Erfahren Sie, wie lange Ihr Haus zum Verkauf angeboten werden sollte

Nachdem Sie einen Makler ausgewählt haben, der Ihr Haus auflisten soll, ist ein wichtiger Verhandlungsfaktor, den Sie besprechen sollten, bevor Sie den Angebotsvertrag unterzeichnen, die Festlegung der Laufzeit des Angebotsvertrags.

Die Länge Ihres Eintrags ist Ihre Entscheidung; Es ist nicht die Entscheidung Ihres Agenten. Ihr Agent schlägt möglicherweise einen Zeitraum vor, aber es liegt an Ihnen, die Länge zu wählen, die für Sie am besten geeignet ist. Sie haben das letzte Wort.

Wichtige Erkenntnisse

  • Wenn Sie Ihr Haus bei einem Makler anbieten, können Sie zwischen 30 Tagen, 90 Tagen, 180 Tagen oder länger wählen.
  • Die von Ihnen gewählte Anzahl der Tage sollte mit der durchschnittlichen Anzahl der Tage übereinstimmen, die es zu diesem Zeitpunkt in Ihrer Region dauert, bis Häuser verkauft werden.
  • Immobilientypen, die auf bestimmte Kunden zugeschnitten sind, haben auch unterschiedliche Vermarktungsdauern und -kosten.

Gründe für eine 30-tägige Listungsdauer

Wenn der Markt heiß läuft und Häuser innerhalb weniger Tage in den Status „Ausstehend“ geraten, ist Ihr Makler möglicherweise mit einer 30-Tage-Auflistung einverstanden. Wenn jedes zweite Haus in Ihrer Straße innerhalb von drei Wochen verkauft wird und Ihr Haus am 29. Tag immer noch ohne Angebot steht, können Sie auf diese Weise problemlos Ihren Makler loswerden und jemand anderen engagieren.

Bevor Sie sich jedoch von einem erneuten Angebot bei Ihrem Makler ablehnen, schauen Sie sich zunächst Ihren Preis an. Wenn es zu hoch ist, wird es kein Makler verkaufen.

Gründe für eine Listungsdauer von 90 Tagen

Auf normalen Märkten sind 90-Tage-Listungen häufiger anzutreffen. Wenn Ihr Haus den richtigen Preis hat, sollten Sie in den ersten 30 Tagen viele Besichtigungen machen.

Bitten Sie Ihren Makler um Feedback des Käufers und verfolgen Sie Vorschläge zur Verbesserung des Zustands Ihres Hauses und/oder des Preises.

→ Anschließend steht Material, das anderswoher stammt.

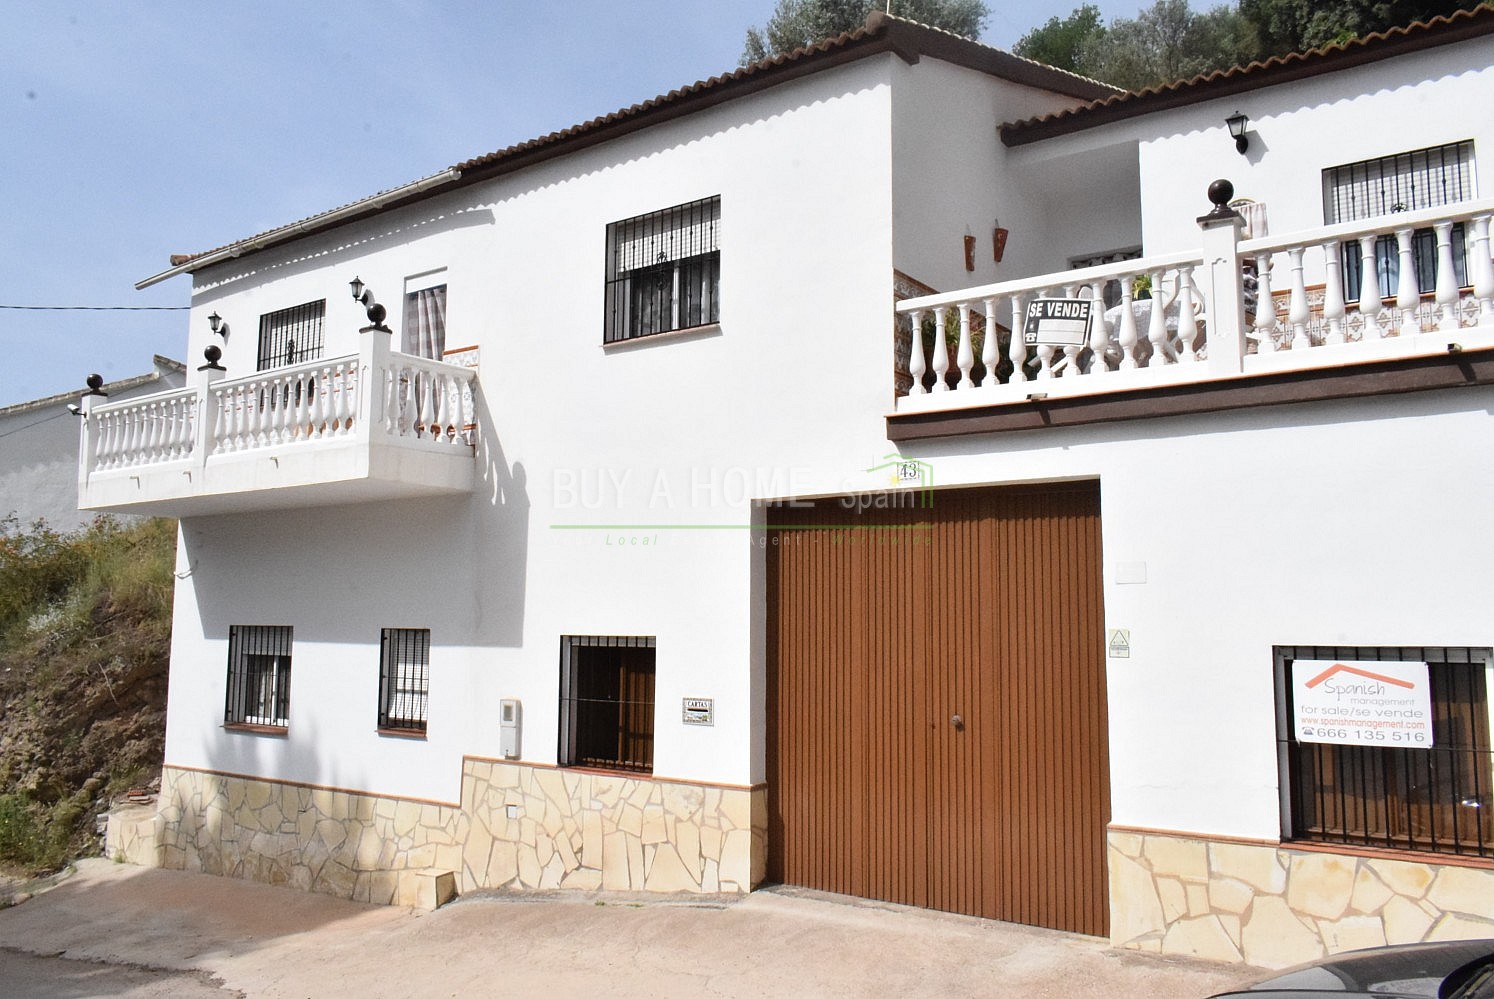 villas for sale in venta baja
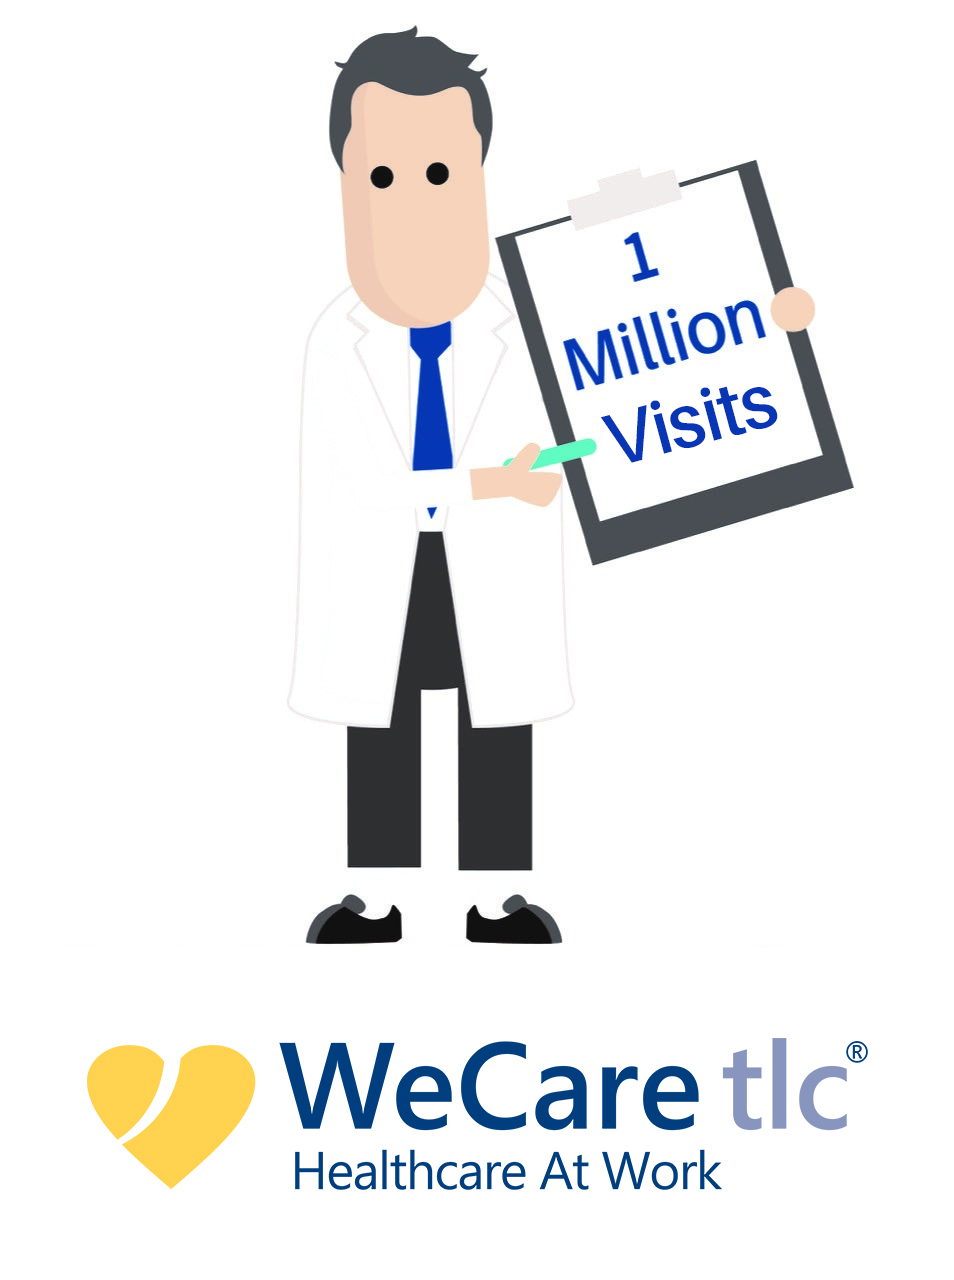 WeCare tlc 1 millionth patient visit

Gründe für eine Listungsdauer von 180 Tagen

Wenn die durchschnittliche DOM (Tage auf dem Markt) zwei Monate überschreitet, versuchen Sie wahrscheinlich, auf einem Käufermarkt zu verkaufen, und benötigen eine längere Listungsdauer.

Wenn Sie einen Vertrag mit einer Laufzeit von 90 Tagen abschließen, kann dieser während der Treuhandlaufzeit ablaufen. In diesem Fall kann es sein, dass Ihr Makler Sie auffordert, die Auflistung zu verlängern. Daher ist es sinnvoller, mit einer 180-tägigen Auflistung zu beginnen.

Fragen Sie Ihren Makler bei der ersten Unterzeichnung des Sechsmonatsvertrags, ob er Ihnen eine persönliche Garantie gibt, dass Sie nach Ablauf der 90 Tage kündigen können, wenn Sie unzufrieden sind. Wenn der Makler Ihnen diese Garantie nicht gibt, wenden Sie sich an einen Makler, der Ihnen dieses Angebot vertrauenswürdiger macht.

Gründe für eine Listungsdauer von einem Jahr

Wenn Sie in einer ländlichen Gegend leben, in der sich in weniger als einem Jahr nichts verkauft, kann ein 360-Tage-Angebot in Ihrer Gegend die Norm sein. Der Verkauf einzigartiger Immobilien, großer Grundstücke und teurer Anwesen kann länger dauern, da sie möglicherweise eine begrenzte Anzahl von Käufern ansprechen.

Private Inseln und großzügige Ferienhäuser erfordern eine längere Vermarktungszeit, und Makler sind möglicherweise nicht bereit, die großen Marketingausgaben für ein kurzfristiges Angebot auszugeben.

Vergessen wir nicht die Leerverkäufe und Notsituationen. Im Laufe der Jahre haben Banken ihre Reaktionszeiten bei Leerverkäufen verbessert, viele benötigen jedoch immer noch drei Monate oder länger für Verhandlungen. Käufer, die vor der Annahme aussteigen, verlängern lediglich den Zeitrahmen.